The merger made sense because there was no longer a reason for the congregations to be separate. They were more alike than they were different, Sr. Gottemoeller said.
"In the days of our founding in the 19th century, travel and communication were difficult, but that was no longer true,'' Sr. Gottemoeller said. "There was nothing to stop us from becoming one.''
She was elected as the first president of the institute in 1991, a position she held for eight years.
Sr. Gottemoeller's leadership style is guided by her belief in the common good, said Sr. Patricia McDermott, RSM, president of the Sisters of Mercy of the Americas.
"One of the things that I so appreciate about Doris is that she builds relationships of trust,'' Sr. McDermott said. "She does that naturally out of her own goodness and her own good spirit."
She describes Sr. Gottemoeller as a visionary but not an idealist when it comes to fulfilling the mission.
"It is always about bringing people together and building relationships that will enhance our response to the needs of God's people,'' Sr. McDermott said. "How can we do better together what we cannot do alone? How can we further our mission, which is to serve the poor, the sick, the uneducated?"

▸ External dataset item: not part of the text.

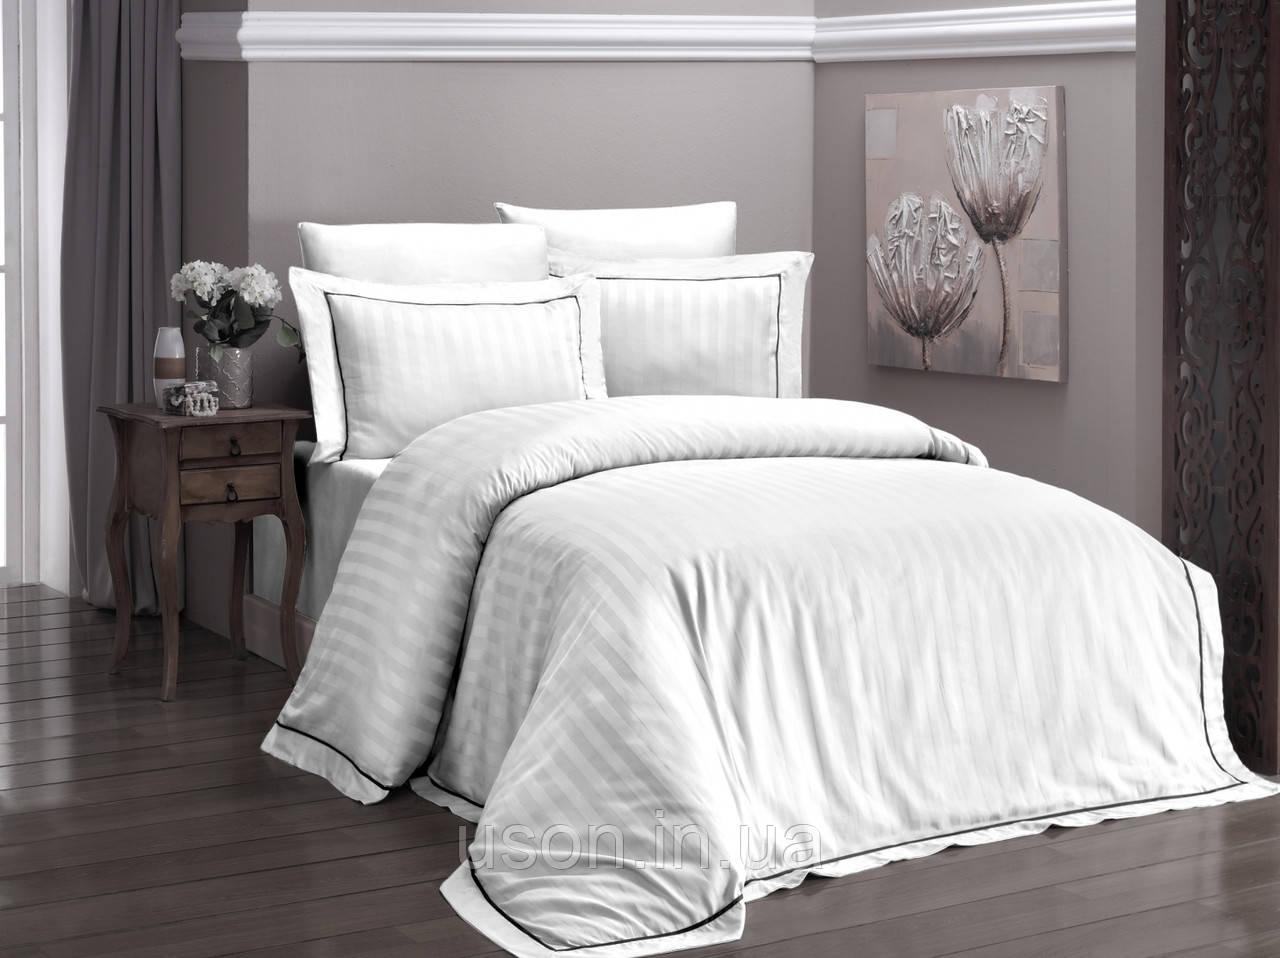 Комплект постельного белья сатин delux First Choice евро размер Novel Line Beyaz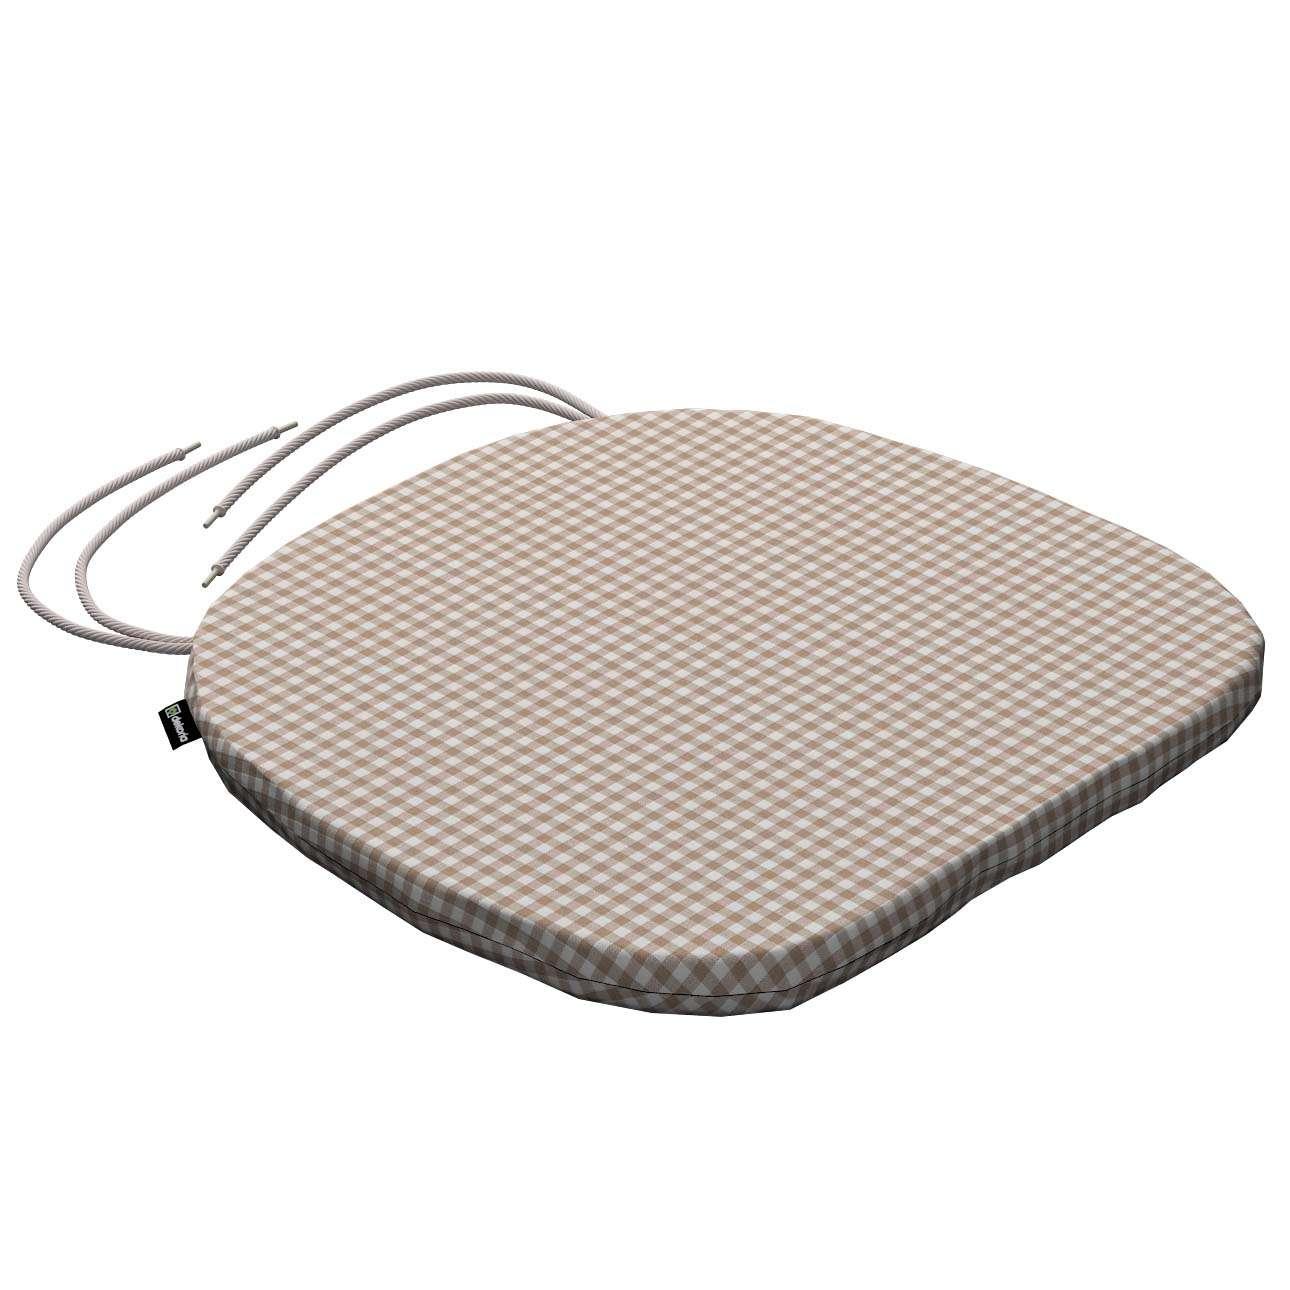 Siedzisko Bartek na krzesło 40x37x2,5cm w kolekcji Quadro, tkanina: 136-05

Ensuring the Mercy tradition
Sr. Gottemoeller was born and raised in Cleveland. She joined the Sisters of Mercy when she was 16 after completing high school early. She earned a bachelor's degree from Edgecliff College in Cincinnati, a master's degree in chemistry from the University of Notre Dame and a master's and doctorate in theology from Fordham University.
Sr. Gottemoeller has held governance positions in education, health care, housing and religious organizations. Among them: senior vice president of mission and values integration for Catholic Healthcare Partners, president of the Leadership Conference of Women Religious, delegate to the International Union Superiors General, auditor at the Synod on Consecrated Life, chair of the CHA board of trustees and of the Sisters of Charity of Leavenworth Health System. She was the 2008 recipient of CHA's Sister Concilia Moran Award for her creativity, leadership and breakthrough thinking.
"The opportunities that would come to me as a result of being a Sister of Mercy — I didn't grasp that for years. Often, I was the only woman in the room,'' Sr. Gottemoeller said. "And I never imagined that I would be working for a health care organization when I was trained to be a teacher."
Sr. Gottemoeller has developed programs, including the health system's Leadership Academy, to train lay leaders to carry on the Mercy healing mission and its emphasis on Catholic principles — human dignity and the common good.
"Going back 40 years, when there were still numerous sisters in hospitals, you took that culture for granted,'' Sr. Gottemoeller said. "People talk as if a sister was in every room, in every corridor. But that wasn't the case. It was the habit they wore that made them conspicuous. If there were seven or eight sisters, it felt like it was a Catholic hospital run by the sisters. That's gone. Instead, we must build a culture of care, a culture of service, a culture of compassion based on carefully prepared and integrated formation experiences. We're doing the same in our educational ministries now. Health care led the way."